Only $1-\lambda$ was taken common of the two terms, and the rest was kept as it is. I dont see why you would have a $+9\lambda$ with it.

Let $(1-\lambda) = t$ and keep the rest as it is. And take the t out common, what would you get??

i'm falling asleep, so I will have to deal with this 10 hours later.

i'm falling asleep, so I will have to deal with this 10 hours later.
Good idea!! :tongue:

HallsofIvy
Homework Helper

## The Attempt at a Solution

Do you see where it says 3.3(1-lambda)?

Then the next row has -9 in it? It should be -9 + 9lambda, right?
No. They have factored $1- \lambda$ from each term first, leaving $(2- \lambda)(2-\lambda)- 3(3)$.

I'm using the Sars method (I think that's what it's called), where you copy the first two columns then take the product of three different diagonals, then subtract them from 3 other diagonals, sorry for the vague language.
Not a very good method as it is applicable only to 3 by 3 determinants and not to larger determinants. Better to learn "expansion by rows" or "expansion by columns".
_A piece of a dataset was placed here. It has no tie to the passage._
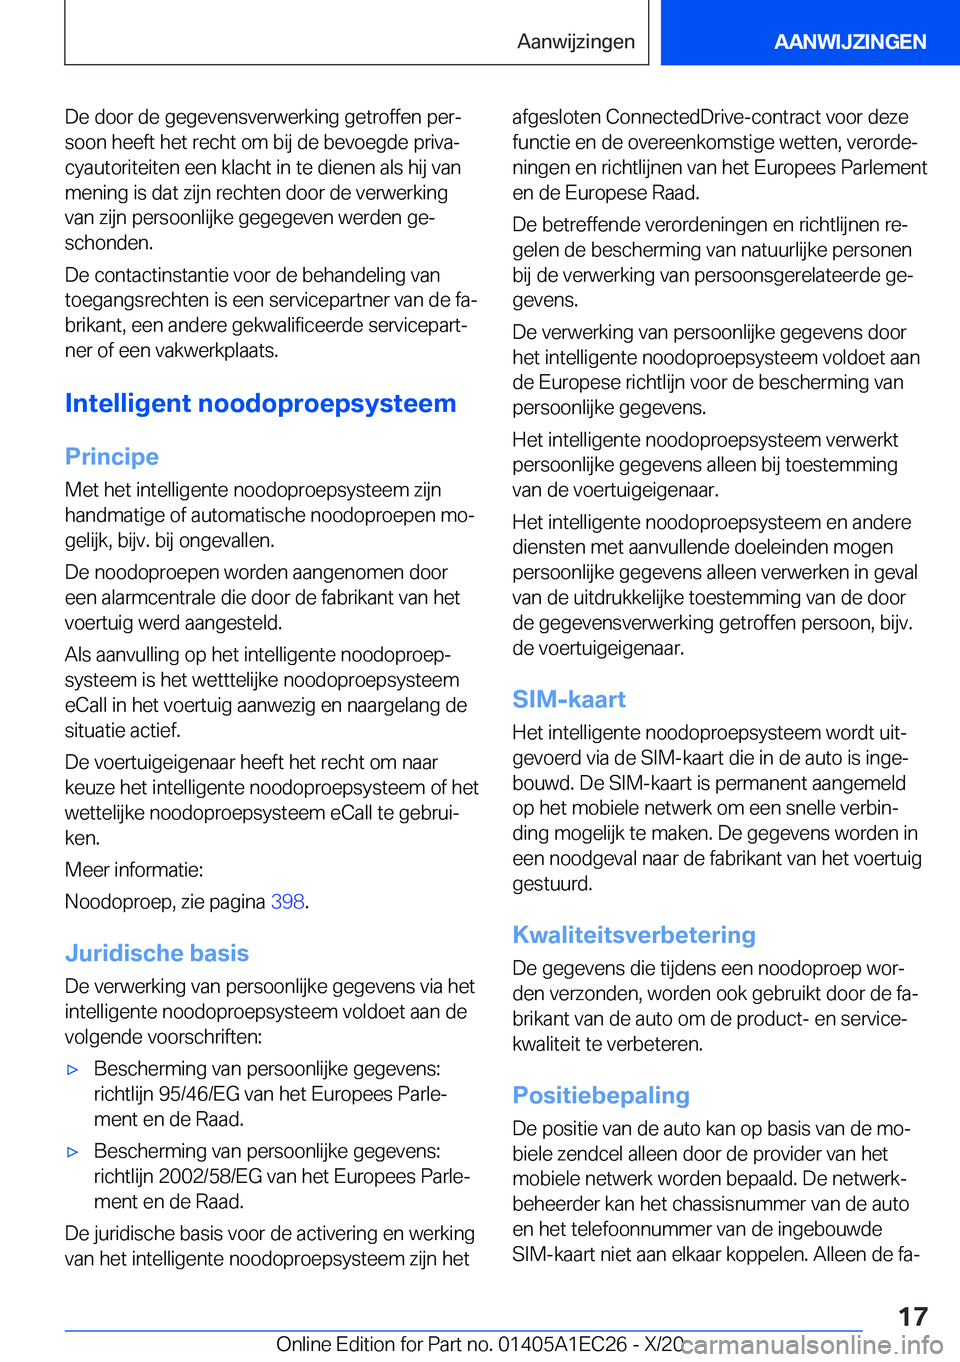 BMW 8 SERIES GRAN COUPE 2021  Instructieboekjes (in Dutch) �D�e��d�o�o�r��d�e��g�e�g�e�v�e�n�s�v�e�r�w�e�r�k�i�n�g��g�e�t�r�o�f�f�e�n��p�e�rj
�s�o�o�n��h�e�e�f�t��h�e�t��r�e�c�h�t��o�m��b�i�j��d�e��b�e�v�o�e�g�d�e��p�r�i�v�aj �c�y�a�u�t�o�r�i�t

Here, it is particularly easy to expand on the last row. Then the determinant is $$0\left|\begin{array}{cc}3 & 0 \\ 2-\lambda & 0 \end{array}\right|- 0\left|\begin{array}{cc}2-\lambda & 0 \\ 3 & 0 \end{array}\right|+ (1- \lambda)\left|\begin{array}{cc}2-\lambda & 2 \\ 3 & 2- \lambda\end{array}\right|$$
which, since the first two terms are multiplied by 0, immediately gives $((2-\lambda)^2- 9)(1- \lambda)$.

ok, I understand now.